Robert Crovella gave an excellent answer that highlights the importance of the AoS -> SoA layout transformation that often improves performance on the GPU, I'd just like to propose a middle ground that might be more convenient. The CUDA language provides a few vector types for just the purpose you describe (see this section of the CUDA programming guide ).

For example, CUDA defines int3, a datatype that stores 3 integers.

 struct int3
 {
    int x; int y; int z;
 };

Similar types exist for floats, chars, doubles etc. What's nice about these datatypes is that they can be loaded with a single instruction, which may give you a small performance boost. See this NVIDIA blog post for a discussion of this. It's also a more "natural" datatype for this case, and it might make other parts of your code easier to work with. You could define, for example:

struct planets {
    float3 position[N];
    float3 velocity[N];
    int mass[N];
};

A reduction kernel that uses this datatype might look something like this (adapted from Robert's).
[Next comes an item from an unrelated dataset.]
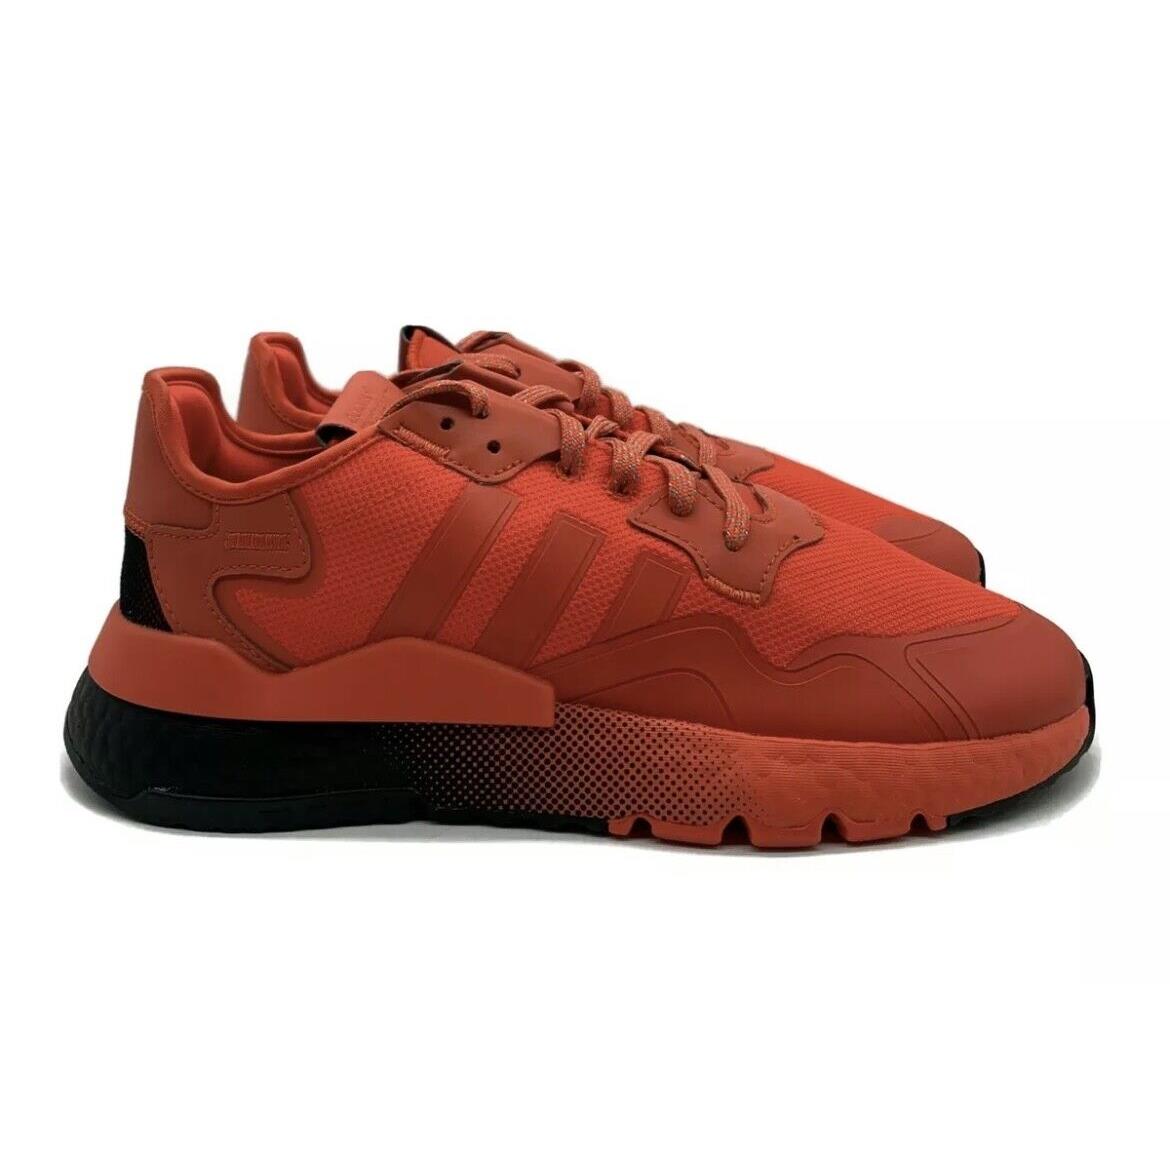 Adidas Nite Jogger Mens Casual Running Shoe Red Black Trainer Fashion Sneaker

__inline__ __device__ void SumInt3(int3 const & input1, int3 const & input2, int3 & result)
{
    result.x = input1.x + input2.x;
    result.y = input1.y + input2.y;
    result.z = input1.z + input2.z;
}

__inline__ __device__ void WarpReduceInt3(int3 const & input, int3 & output, unsigned int const tID)
{
    output.x = WarpReduce(input.x, tID);
    output.y = WarpReduce(input.y, tID);
    output.z = WarpReduce(input.z, tID);    
}

__global__ void reduceSum(int3 * inputData, int3 * output, int size){
    extern __shared__ int3 sdata[];

    int3 temp;

    unsigned int tID = threadIdx.x;
    unsigned int i = tID + blockIdx.x * (blockDim.x * 2);

    // Load and sum two integer triplets, store the answer in temp.
    SumInt3(input[i], input[i + blockDim.x], temp);

    // Write the temporary answer to shared memory.
    sData[tID] = temp;

    __syncthreads();

    for (unsigned int stride = blockDim.x / 2; stride > 32; stride >>= 1)
    {
        if (tID < stride)
        {
            SumInt3(sdata[tID], sdata[tID + stride], temp);
            sData[tID] = temp;
        }
        __syncthreads();
    }

    // Sum the intermediate results accross a warp.
    // No need to write the answer to shared memory,
    // as only the contribution from tID == 0 will matter.
    if (tID < 32)
    {
        WarpReduceInt3(sdata[tID], tID, temp);
    }

    if (tID == 0)
    {
        output[blockIdx.x] = temp;
    }
}